8.30 to 9.30am and 3-4pm

From the Hackney Council page linked to in the original post (my emphasis):

General motor vehicle traffic will not be permitted to pass through the traffic filter, from either direction, at any time of the day.

Now all we need is for someone to make a pedestrian link over the New River at Katherine Close to link to the Haringey side, and then a connection through potential sites either side of the railway line. Finally we would have a really good north-south pedestrian/ cycle link. 

That’s fine as long as they keep cycle traffic off the New River Path. Most cyclists are not into slow-mode travel. It’s important to keep some spaces like paths and certain linear ways as pedestrian only.

Where would you see it heading north of the river?

The northbank by Eade Road has loads of room. I would love to see a link to Eade Road that can link up with any potential redevelopment on Omega Works that could then allow a link under the railway to the St Anns redevelopment. 

Haringey Planning is organising an online Teams meeting to consult on plans for the Omega Works development - please DM if you'd like details.

A north-south connection across the New River is something we're keen to look at. The Berkeley Homes / UK Power Networks electricity tunnel site on Linkway is likely to be the key in that respect - a New River crossing would connect their future developments on that site and on the other side at Rowley Gardens.

It would require an upgrade to the New River path between Green Lanes and Seven Sisters (which currently sees very little footfall and is a mudbath for much of the year) for the benefit of cyclists and pedestrians alike.

Amazing. I will DM. 

Opening any part of the New River Path to cycle traffic would be a retrograde step. This part of the path isn't well used because, as member 'Hermitage New River Residents' says, it's a mud bath for much of the year. The solution is to improve the path for pedestrians, not to turn it into a cycle highway.
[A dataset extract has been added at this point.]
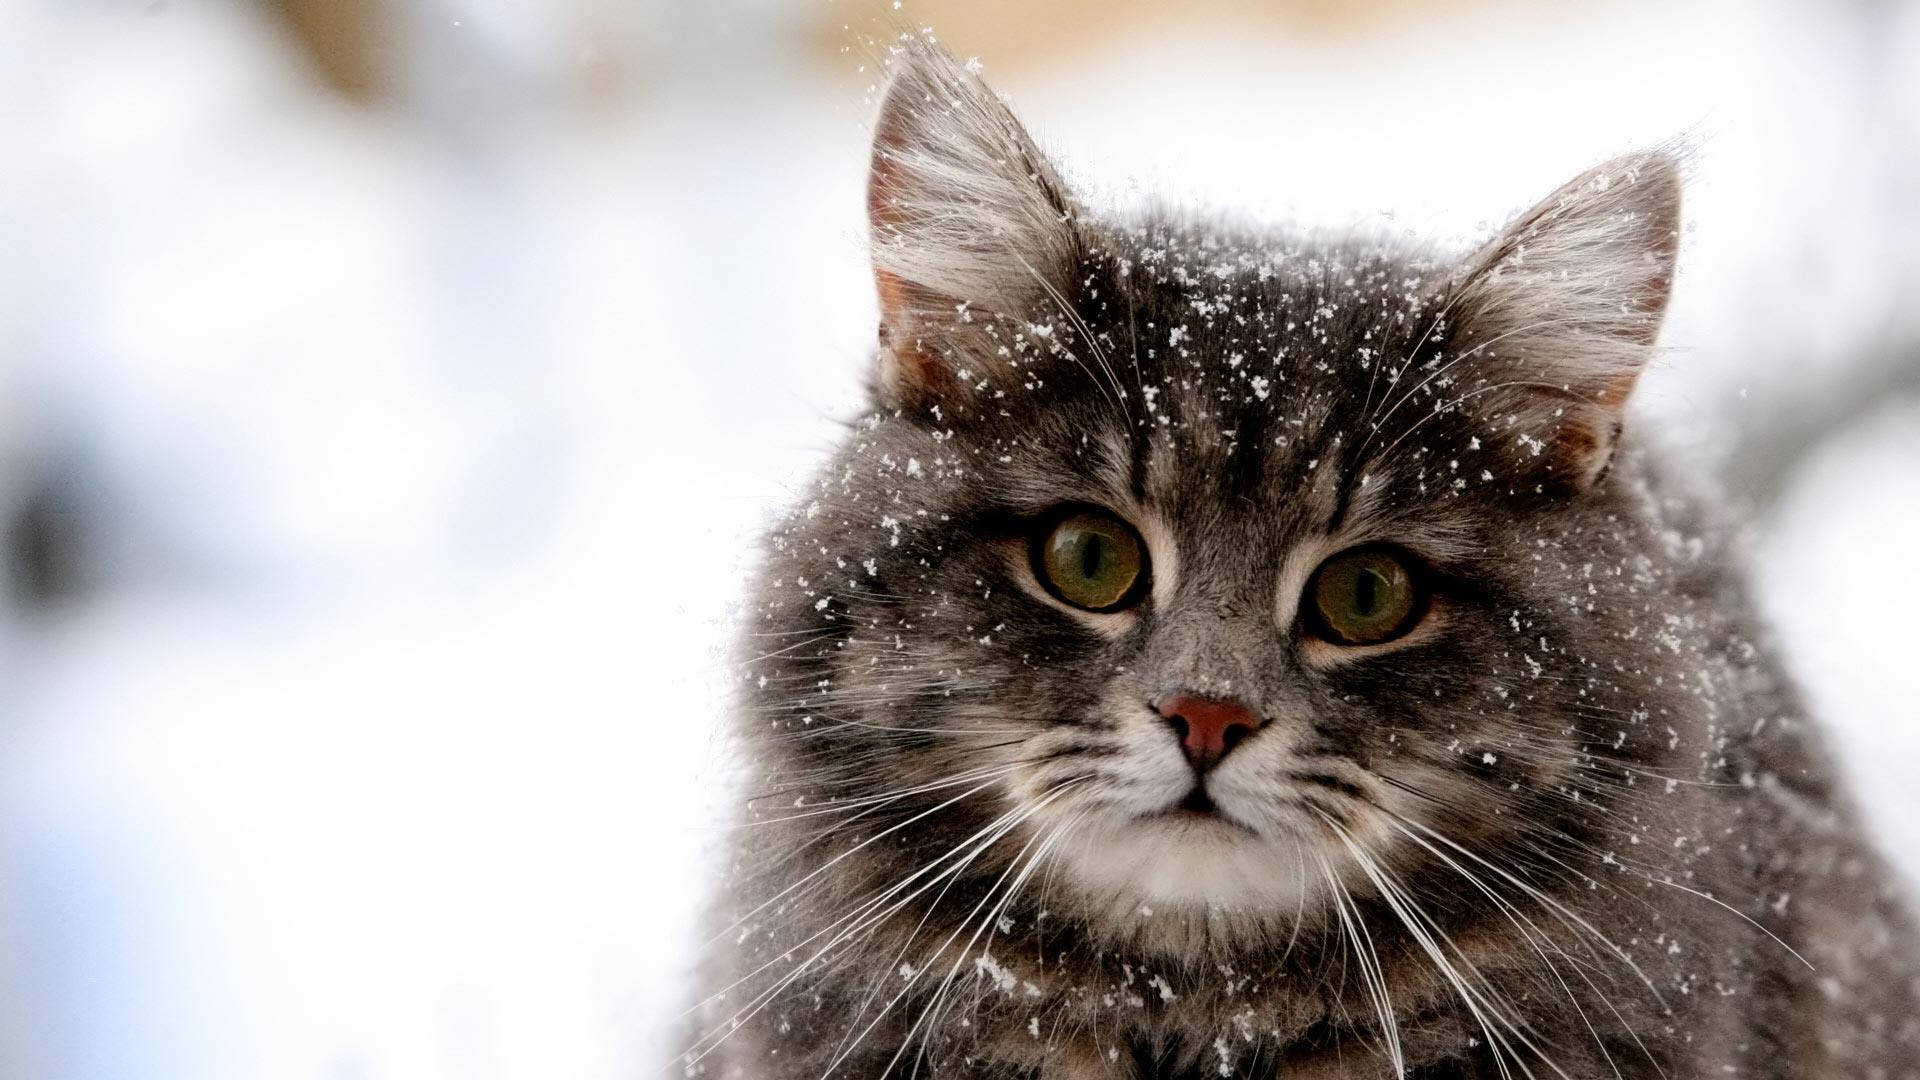 Cute Cat Winter Snow HD Wallpaper Cute Cat Winter Snow 1920x1080

Although this is Thames Water land, it is just inside Hackney so the key influencer of its future would be Hackney council, though I dare say that Haringey will get a look-in too, as no doubt will the Berkley Group. I hope they can all be prevailed upon to keep it free of any sort of vehicular traffic. We need some spaces that are just for pedestrians.

Haringey apparently understand this. I hope that this understanding is firmly enough embedded to save this part of a fast-dwindling resource.

Actually Hugh my interest is not to take a cycle path along the New River. In looking at the bigger north-south linkages you could get a route from Bruce Castle Park to Clissold through a number of green spaces, LTNs and new development sites. The idea of such a greenway route would be much better than the current hit and miss CS1 route or Green Lanes options. The barrier is just the New River. Lots of space within the fence on the north bank alongside Eade Road that could allow a crossing of the River. 

Currently Green Lanes has a narrow segregated cycle way along the Finsbury Park stretch. Its not the most friendly of routes. 

Fully supportive of a river crossing, but not of taking away any green space for any sort of traffic. The green space we have left in London should be for plants, people and other animals. Vehicles of all sorts belong on roads.